Monday, the day of the implant had been rough as I had a reaction to either the anasthesia or morphine they gave me and spent the rest of the day with nausea and vomiting. Because of that the doctor was concerned about what kind of pain medication to give me when removing the implant on Thursday. I didn’t know it at the time, but he was very concerned that using a combination of tylenol/advil would be enough… but I had passed the word on to a few of you to be praying around noon on Thursday and God answered the prayers —even the doctor admitted afterward that it went much better than he had expected. Now I wait for about 6 weeks to see if the radiation did its job. I know a lot of you are praying that it has, and I thank you as I remember that our Lord has promised that if 2 or more agree in prayer, He answers.

I must say that I am sick and tired of being sick (nauseated) and tired. The nausea still hasn’t gone away, but I hope that this time around its just the effects of the antibiotic I’m taking for the next 3 days.
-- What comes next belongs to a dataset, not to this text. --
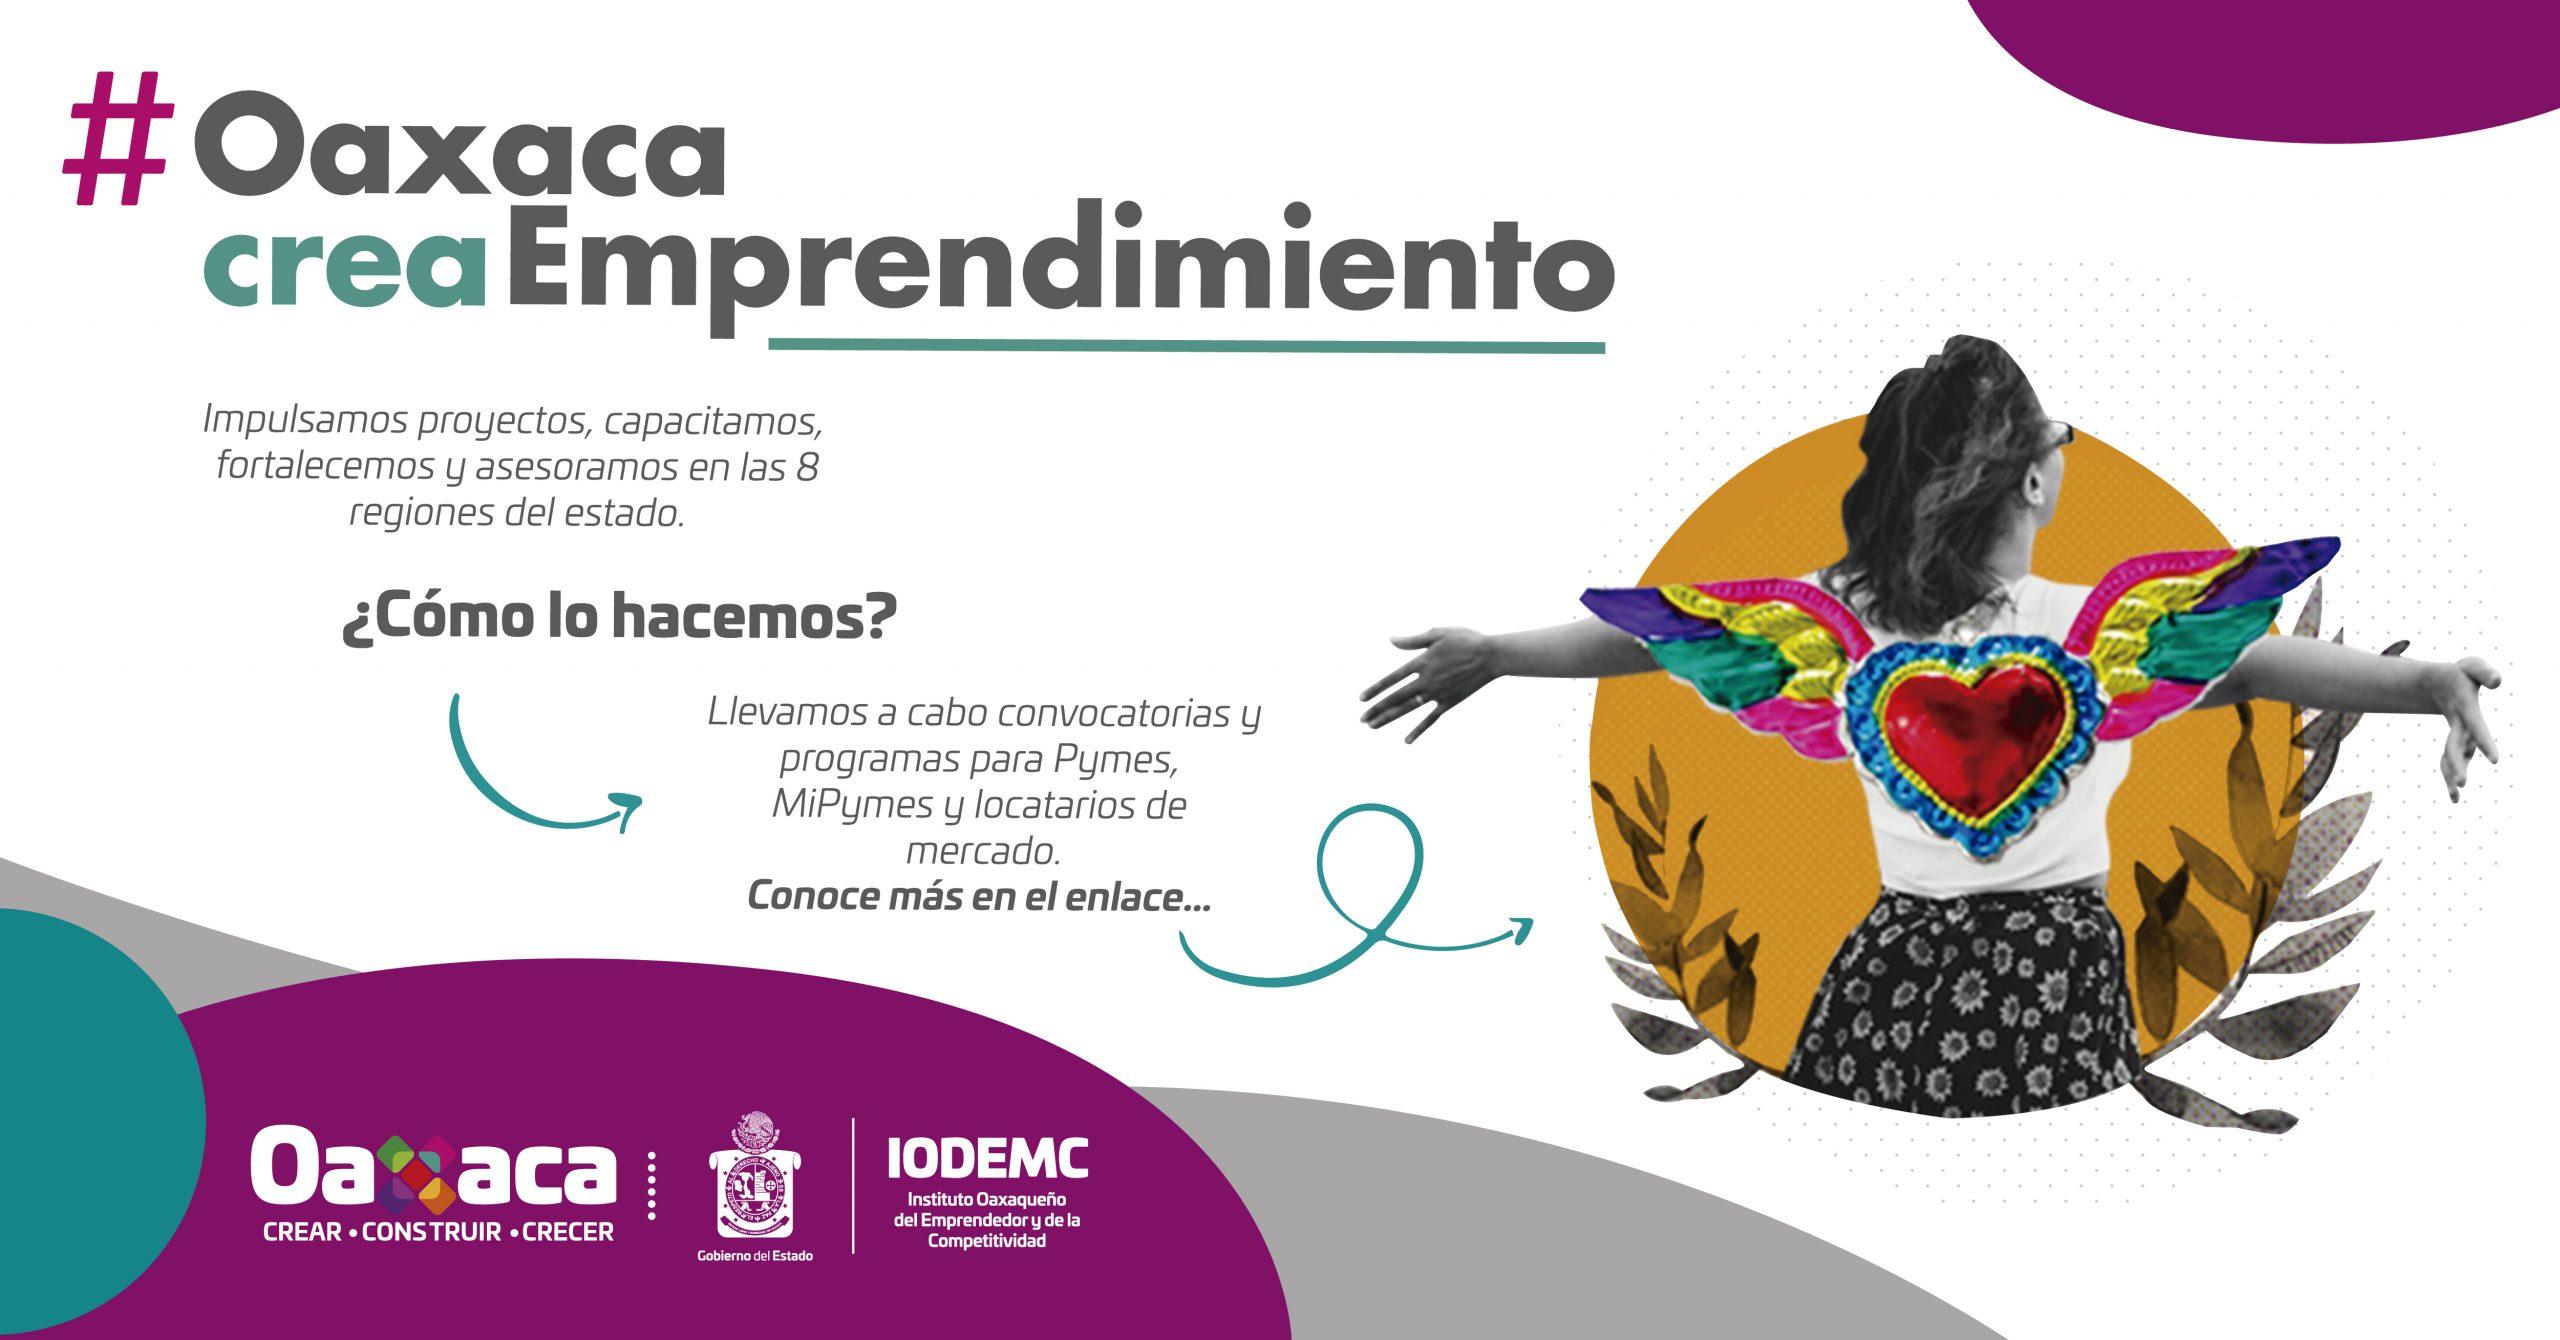 Oaxaca #creaEmprendimiento

I couldn’t do much more than listen to Christian music CDs, Beth Moore videos, and pray… but it filled my days (when I wasn’t sleeping–which I did a lot.)

Thank you for your continued prayers, cards, loving messages and support for David as we have gone through this trial. God bless all of you.

Getting Ready for the Hospital

August 18, 2008

(Sunday evening) Tomorrow I’ll be heading to the hospital for 3 days of laying still while the radiation implant does its part. I’d been pretty optimistic about what I would be able to do those three days, but I recently learned that I will be laying at a 15% angle, so occupying myself with reading  is out… so I hope to at least watch some bible study videos and listen to some music.

These are my prayer requests for the next couple of days.

  1. That even though I will be isolated for the most part, I will still have the opportunity to be a witness of Christ’s grace to those I encounter.
  2. That this brachytherapy does its job of destroying the remaining cancer cells.
  3. That this hospitialization will be a refreshing time in God’s presence (that any discomfort I feel will not succeed in moving my eyes off my Lord and Savior.)
  4. That David would continue to be encouraged as he stands beside through all this.
  5. That my father would continue to find hope and peace in the Lord concerning my health.